>>>
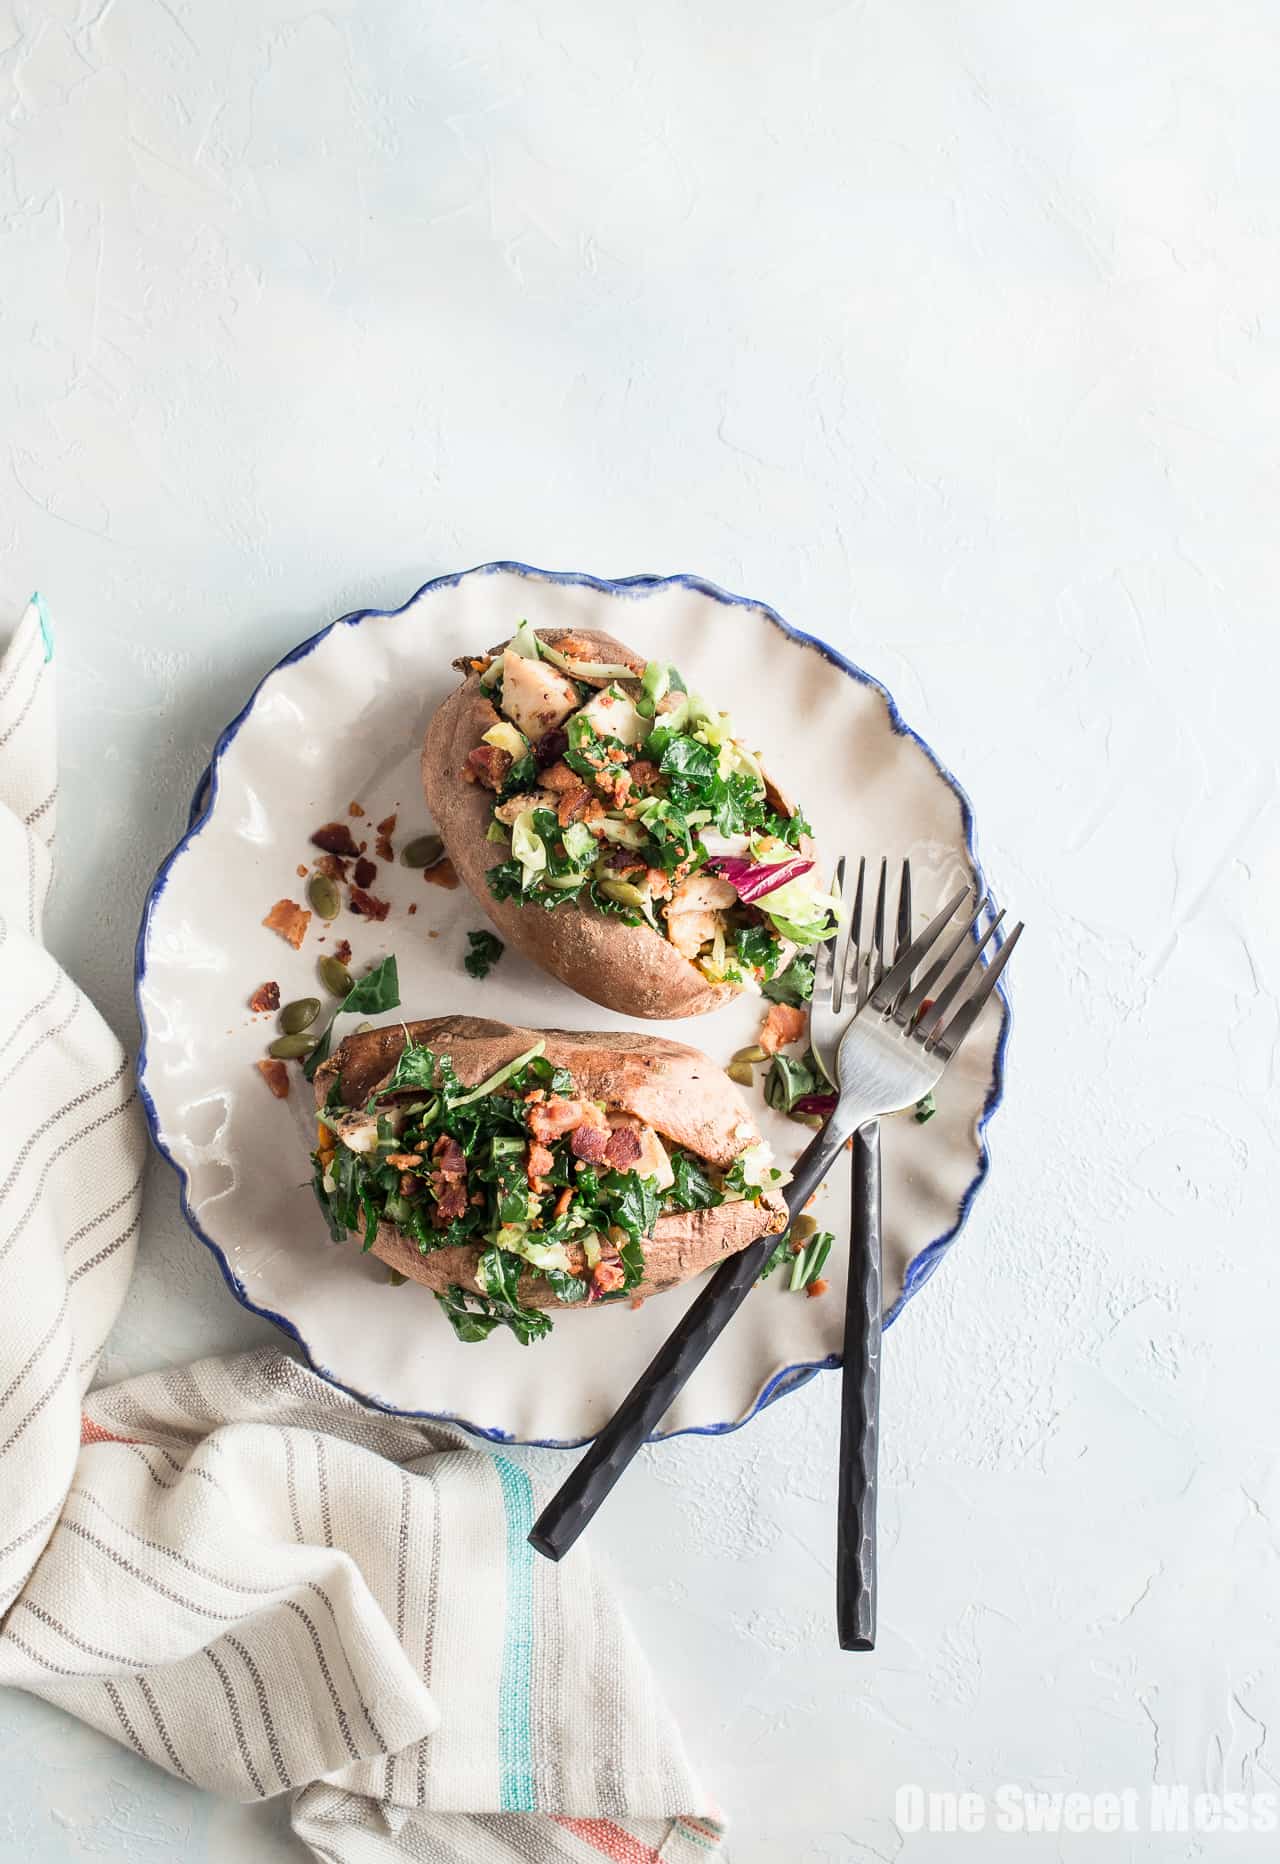 Grilled Chicken & Sweet Kale Salad Stuffed Sweet Potatoes: Loaded with grilled poppy seed dressing glazed chicken and topped with sweet kale salad tossed in warm bacon vinaigrette. Hearty, healthy and gluten-free.
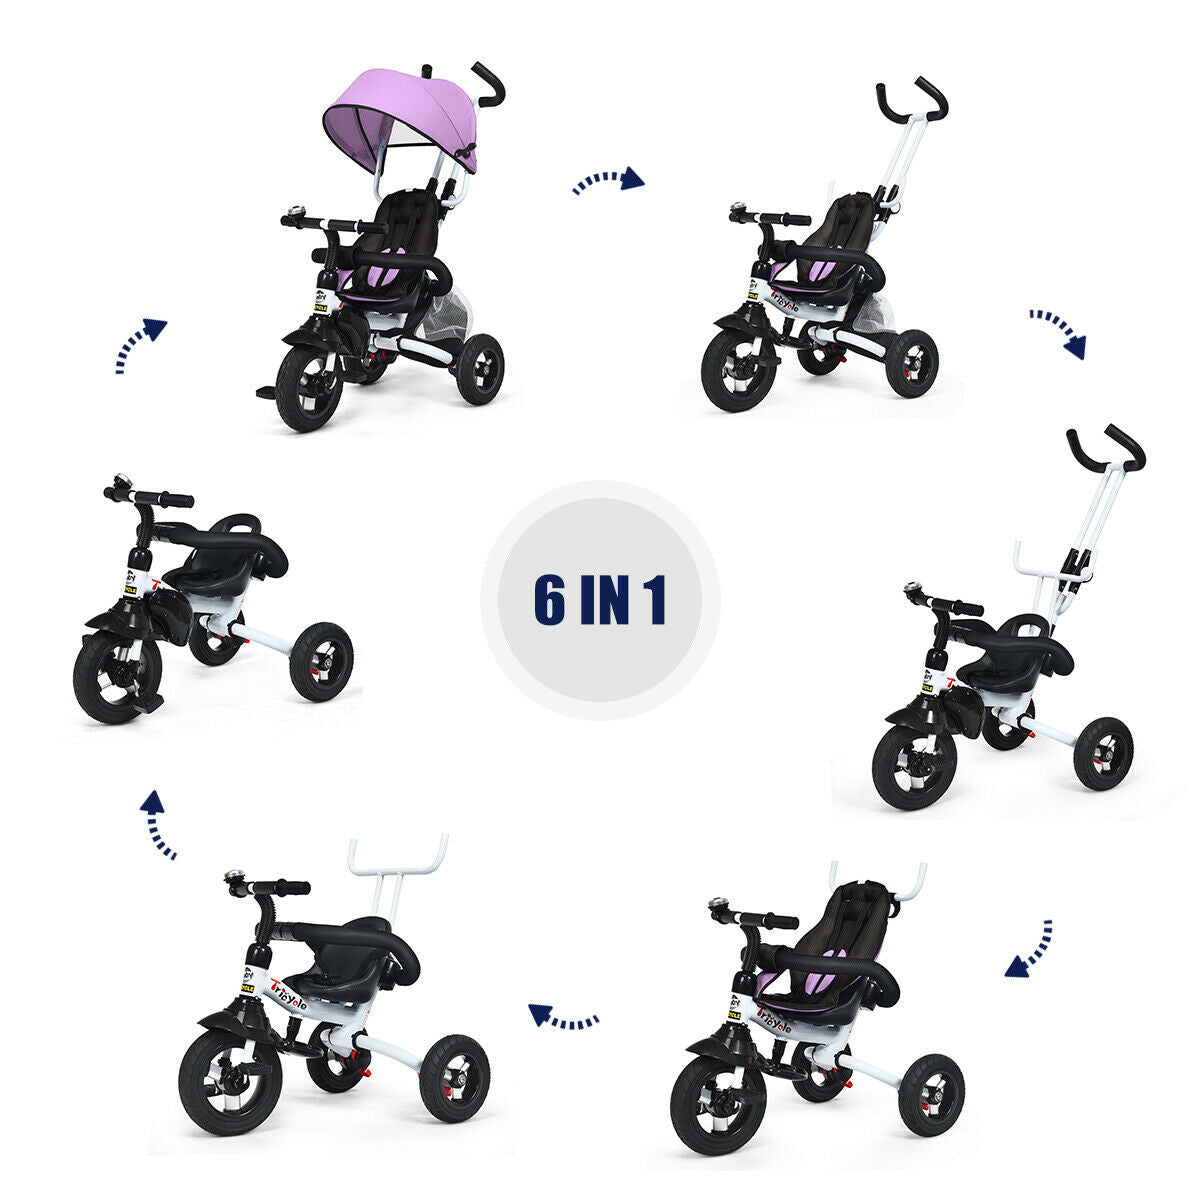 6-In-1 Kids Baby Stroller Tricycle Bike w/ Canopy Cover
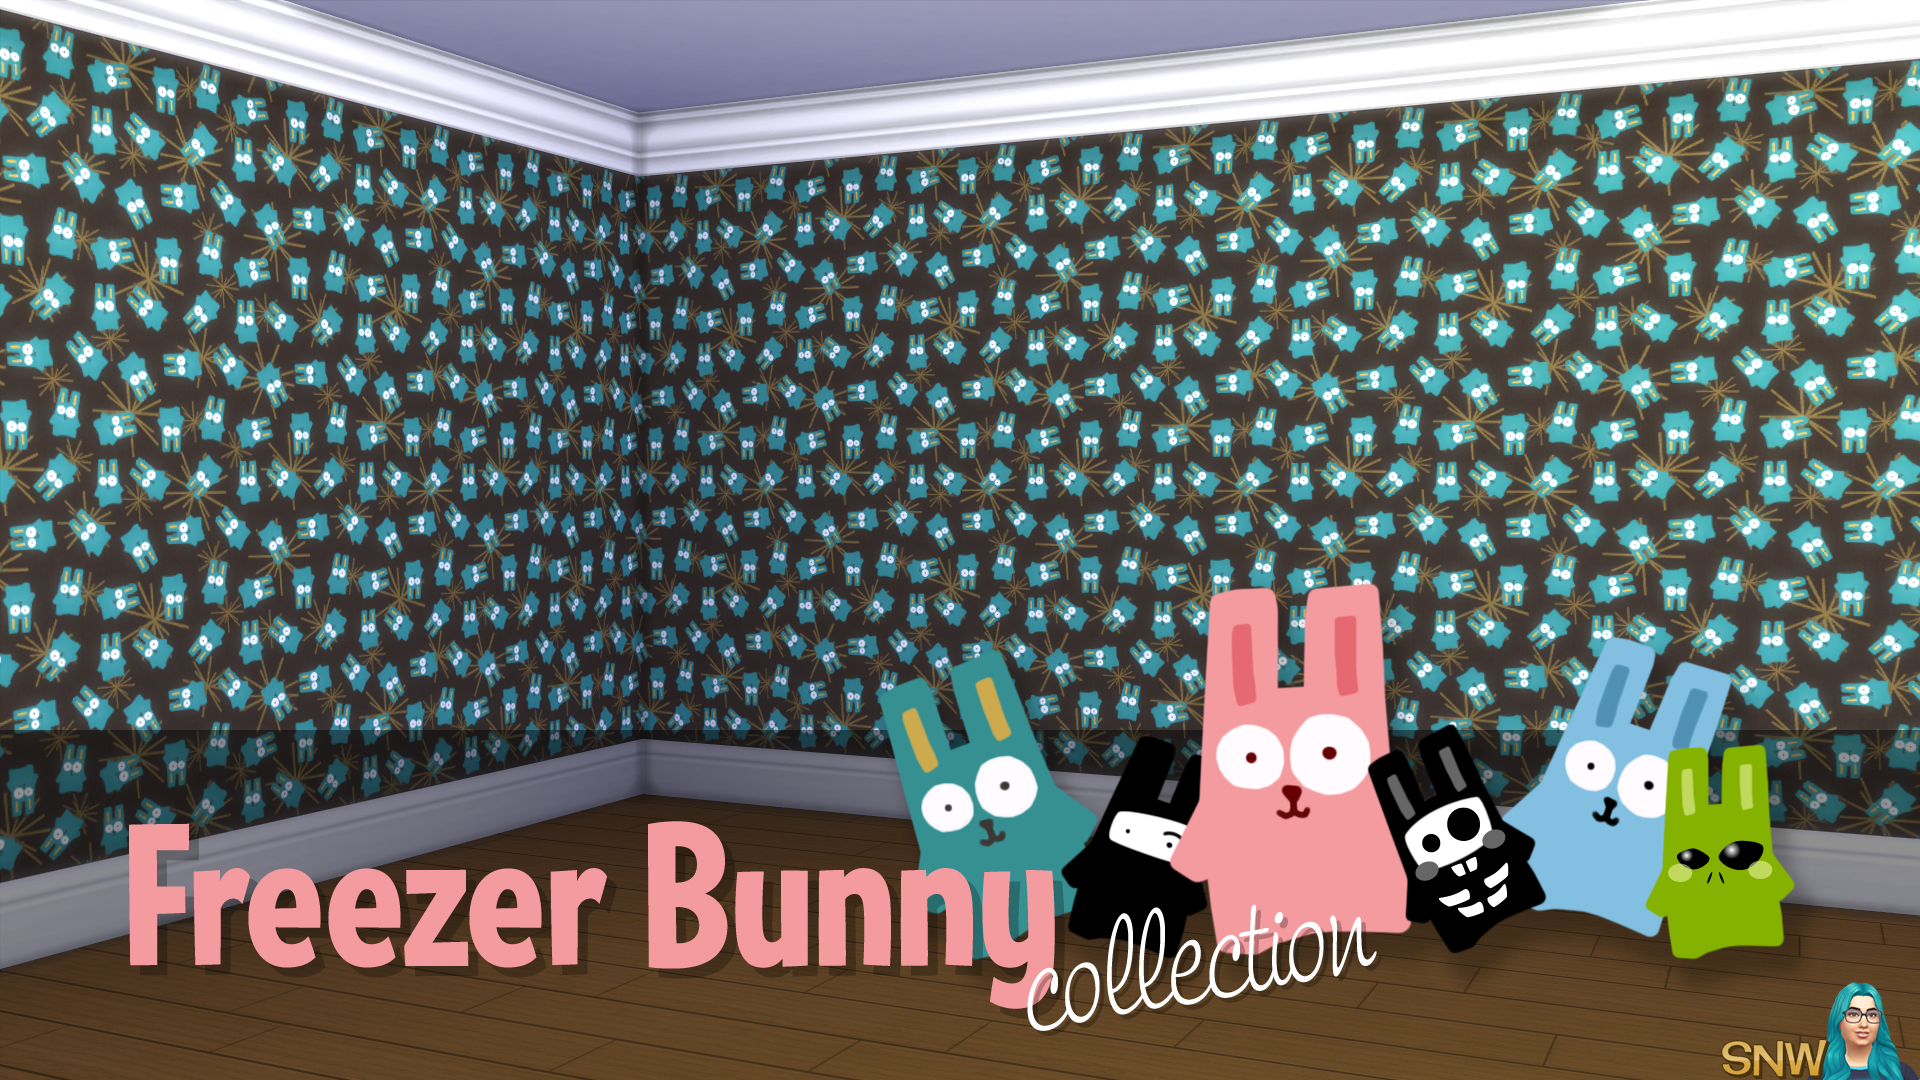 Freezer Bunny Collection: Small Bunnies/Starburst Wallpapers
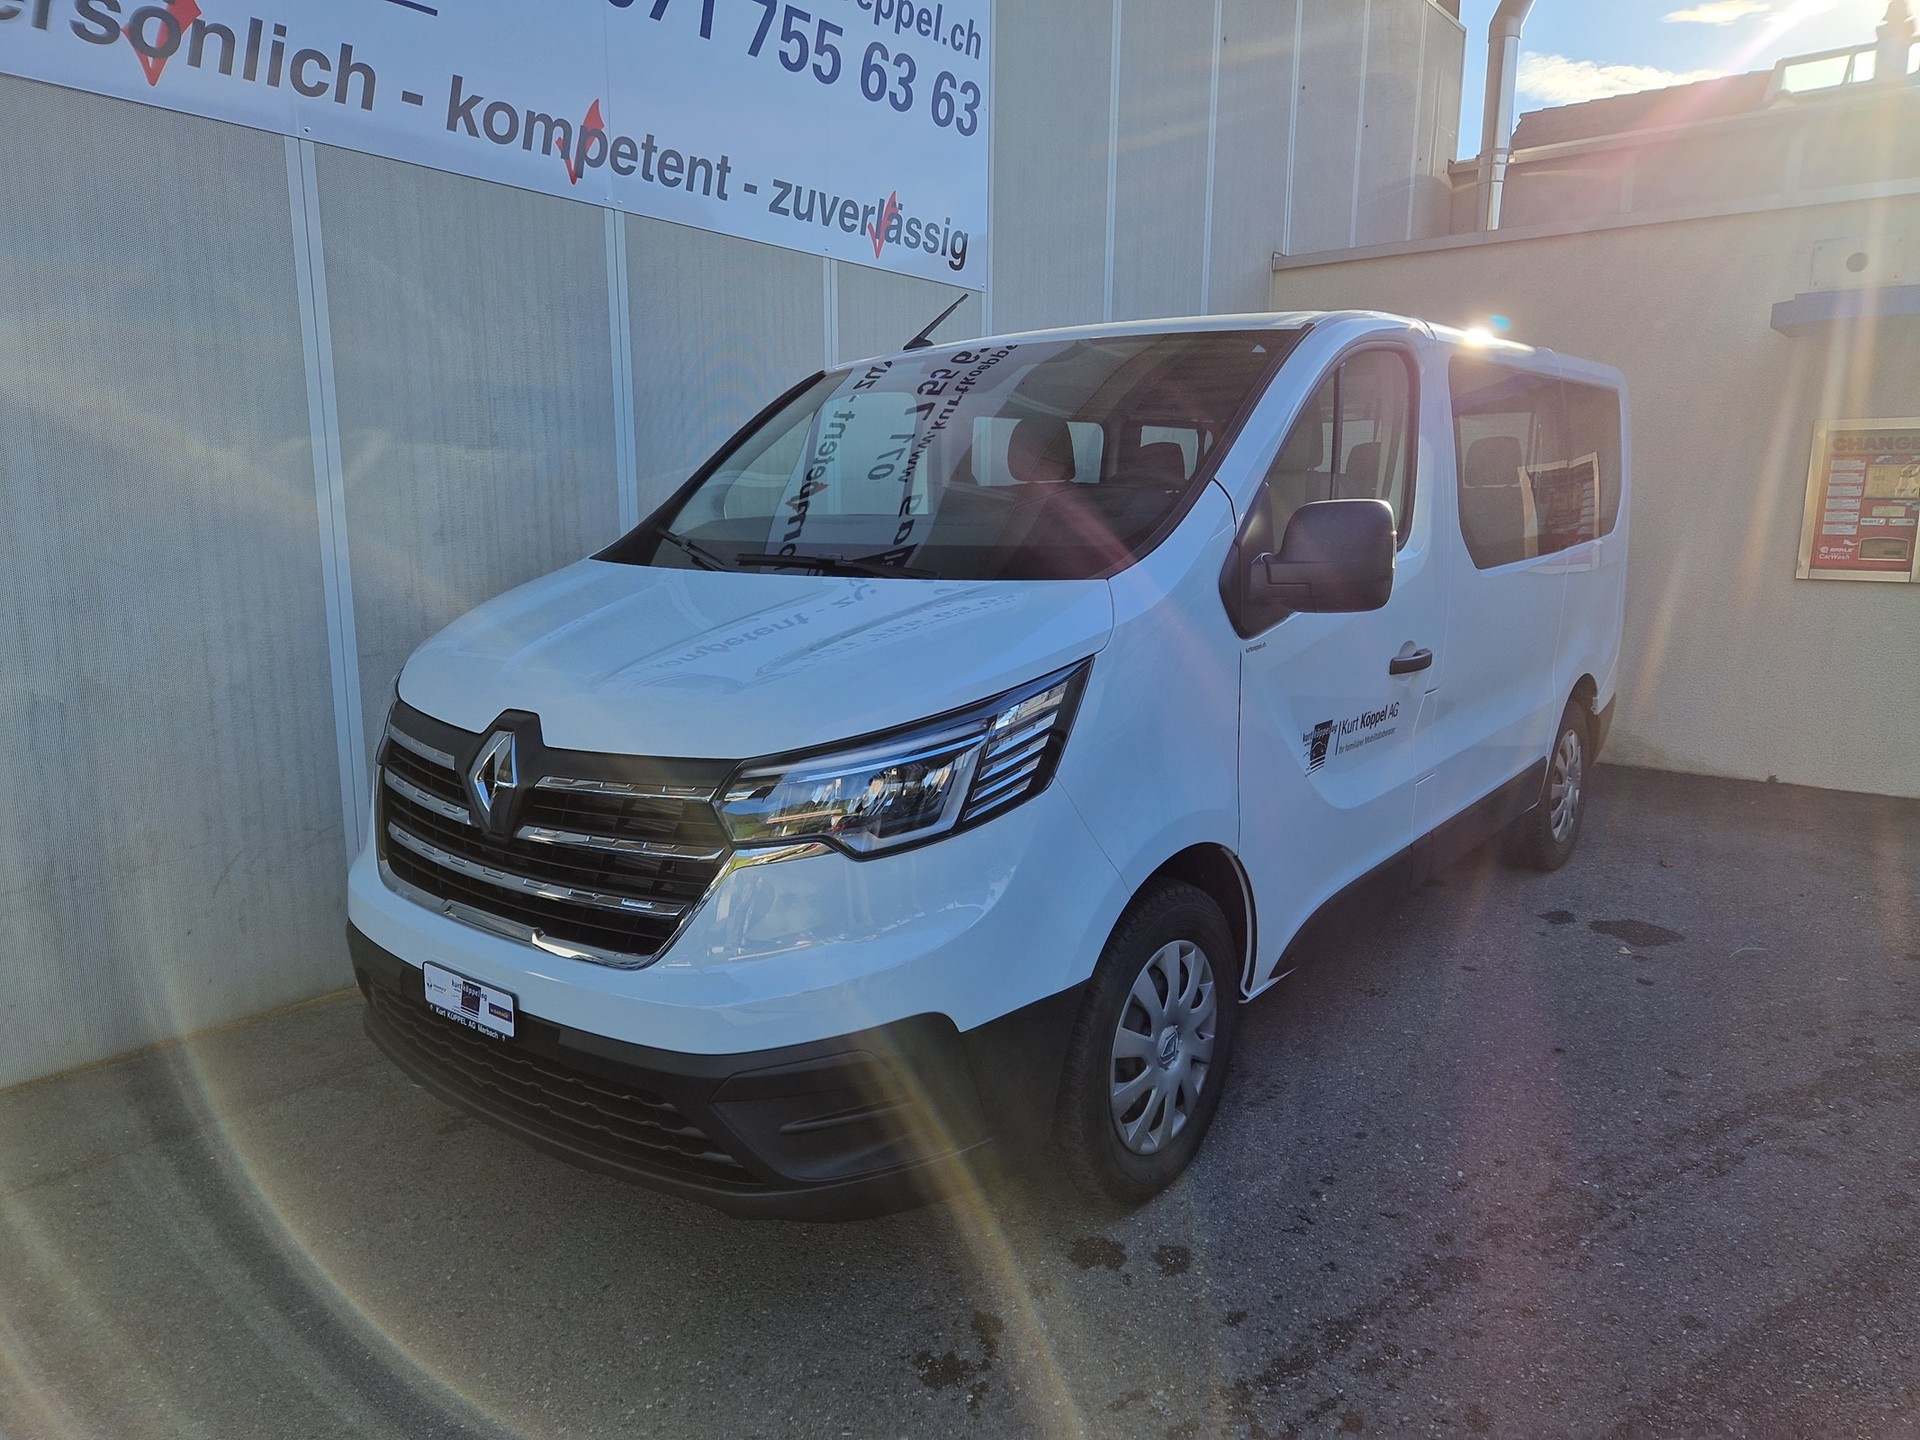 RENAULT Trafic Passenger 2.0 dCi Blue 110 equilibre Occasion 37
<<<
> _REQUIRED WORK_: Your job is to repeat the data exactly, leaving each picture out.

> _COMPLETED TASK_:
 Grilled Chicken & Sweet Kale Salad Stuffed Sweet Potatoes: Loaded with grilled poppy seed dressing glazed chicken and topped with sweet kale salad tossed in warm bacon vinaigrette. Hearty, healthy and gluten-free.
 6-In-1 Kids Baby Stroller Tricycle Bike w/ Canopy Cover
 Freezer Bunny Collection: Small Bunnies/Starburst Wallpapers
 RENAULT Trafic Passenger 2.0 dCi Blue 110 equilibre Occasion 37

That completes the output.